§ Exercise prompt
When you reach the line containing "Модель парусного корабля" in the entries below, start writing out each line exactly, and stop after the line containing "Hallgrímskirkja to tylko".

=== Supplied data ===

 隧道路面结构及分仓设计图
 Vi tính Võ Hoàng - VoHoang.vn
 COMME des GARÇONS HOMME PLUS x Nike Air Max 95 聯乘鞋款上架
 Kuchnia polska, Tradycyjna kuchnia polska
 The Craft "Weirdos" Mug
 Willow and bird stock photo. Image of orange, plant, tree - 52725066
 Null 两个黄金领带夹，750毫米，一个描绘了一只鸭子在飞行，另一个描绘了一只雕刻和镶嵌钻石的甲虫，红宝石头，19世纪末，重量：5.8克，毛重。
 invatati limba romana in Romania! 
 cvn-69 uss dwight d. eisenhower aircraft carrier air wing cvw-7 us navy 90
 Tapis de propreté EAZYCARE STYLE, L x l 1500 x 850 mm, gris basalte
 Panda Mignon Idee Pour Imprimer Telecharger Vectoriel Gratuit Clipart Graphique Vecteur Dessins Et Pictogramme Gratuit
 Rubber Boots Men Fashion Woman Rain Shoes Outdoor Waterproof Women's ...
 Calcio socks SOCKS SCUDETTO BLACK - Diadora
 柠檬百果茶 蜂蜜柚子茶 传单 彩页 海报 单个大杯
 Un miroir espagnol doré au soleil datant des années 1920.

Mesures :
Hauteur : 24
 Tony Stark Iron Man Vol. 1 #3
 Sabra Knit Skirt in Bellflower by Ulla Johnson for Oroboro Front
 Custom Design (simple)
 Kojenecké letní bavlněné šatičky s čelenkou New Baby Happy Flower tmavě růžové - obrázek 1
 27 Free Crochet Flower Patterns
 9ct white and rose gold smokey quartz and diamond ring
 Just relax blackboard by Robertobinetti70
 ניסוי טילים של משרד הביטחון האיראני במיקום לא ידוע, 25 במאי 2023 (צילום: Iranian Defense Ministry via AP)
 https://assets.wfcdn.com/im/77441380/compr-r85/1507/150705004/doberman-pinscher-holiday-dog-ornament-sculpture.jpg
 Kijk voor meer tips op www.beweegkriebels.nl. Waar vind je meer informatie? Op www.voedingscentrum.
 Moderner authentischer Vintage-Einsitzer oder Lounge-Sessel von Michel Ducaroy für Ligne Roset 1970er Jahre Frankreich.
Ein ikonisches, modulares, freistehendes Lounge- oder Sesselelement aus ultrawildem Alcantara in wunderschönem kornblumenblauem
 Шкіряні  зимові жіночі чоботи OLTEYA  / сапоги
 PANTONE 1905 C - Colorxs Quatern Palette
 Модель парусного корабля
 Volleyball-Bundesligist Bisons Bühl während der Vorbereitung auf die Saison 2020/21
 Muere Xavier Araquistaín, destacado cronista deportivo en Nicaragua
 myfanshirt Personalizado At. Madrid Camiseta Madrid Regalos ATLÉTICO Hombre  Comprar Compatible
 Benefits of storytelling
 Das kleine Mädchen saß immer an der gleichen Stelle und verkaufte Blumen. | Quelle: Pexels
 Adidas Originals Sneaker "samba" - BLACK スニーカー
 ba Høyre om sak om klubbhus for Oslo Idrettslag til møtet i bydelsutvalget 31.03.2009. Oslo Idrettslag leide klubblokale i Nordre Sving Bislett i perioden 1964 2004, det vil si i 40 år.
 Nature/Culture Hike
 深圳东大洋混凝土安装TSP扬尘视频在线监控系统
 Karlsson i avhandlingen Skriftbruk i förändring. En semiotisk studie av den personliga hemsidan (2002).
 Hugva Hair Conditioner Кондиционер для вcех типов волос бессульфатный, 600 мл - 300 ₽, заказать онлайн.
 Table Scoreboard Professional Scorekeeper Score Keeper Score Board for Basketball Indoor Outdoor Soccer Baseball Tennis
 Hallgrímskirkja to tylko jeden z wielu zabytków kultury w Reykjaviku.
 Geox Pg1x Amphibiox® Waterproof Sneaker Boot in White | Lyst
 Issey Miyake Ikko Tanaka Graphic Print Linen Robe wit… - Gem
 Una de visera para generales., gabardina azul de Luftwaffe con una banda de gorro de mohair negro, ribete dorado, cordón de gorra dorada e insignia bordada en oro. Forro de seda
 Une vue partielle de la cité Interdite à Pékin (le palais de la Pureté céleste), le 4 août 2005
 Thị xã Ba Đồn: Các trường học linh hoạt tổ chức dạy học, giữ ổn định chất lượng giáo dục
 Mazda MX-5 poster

===

§ Your solution
 Модель парусного корабля
 Volleyball-Bundesligist Bisons Bühl während der Vorbereitung auf die Saison 2020/21
 Muere Xavier Araquistaín, destacado cronista deportivo en Nicaragua
 myfanshirt Personalizado At. Madrid Camiseta Madrid Regalos ATLÉTICO Hombre  Comprar Compatible
 Benefits of storytelling
 Das kleine Mädchen saß immer an der gleichen Stelle und verkaufte Blumen. | Quelle: Pexels
 Adidas Originals Sneaker "samba" - BLACK スニーカー
 ba Høyre om sak om klubbhus for Oslo Idrettslag til møtet i bydelsutvalget 31.03.2009. Oslo Idrettslag leide klubblokale i Nordre Sving Bislett i perioden 1964 2004, det vil si i 40 år.
 Nature/Culture Hike
 深圳东大洋混凝土安装TSP扬尘视频在线监控系统
 Karlsson i avhandlingen Skriftbruk i förändring. En semiotisk studie av den personliga hemsidan (2002).
 Hugva Hair Conditioner Кондиционер для вcех типов волос бессульфатный, 600 мл - 300 ₽, заказать онлайн.
 Table Scoreboard Professional Scorekeeper Score Keeper Score Board for Basketball Indoor Outdoor Soccer Baseball Tennis
 Hallgrímskirkja to tylko jeden z wielu zabytków kultury w Reykjaviku.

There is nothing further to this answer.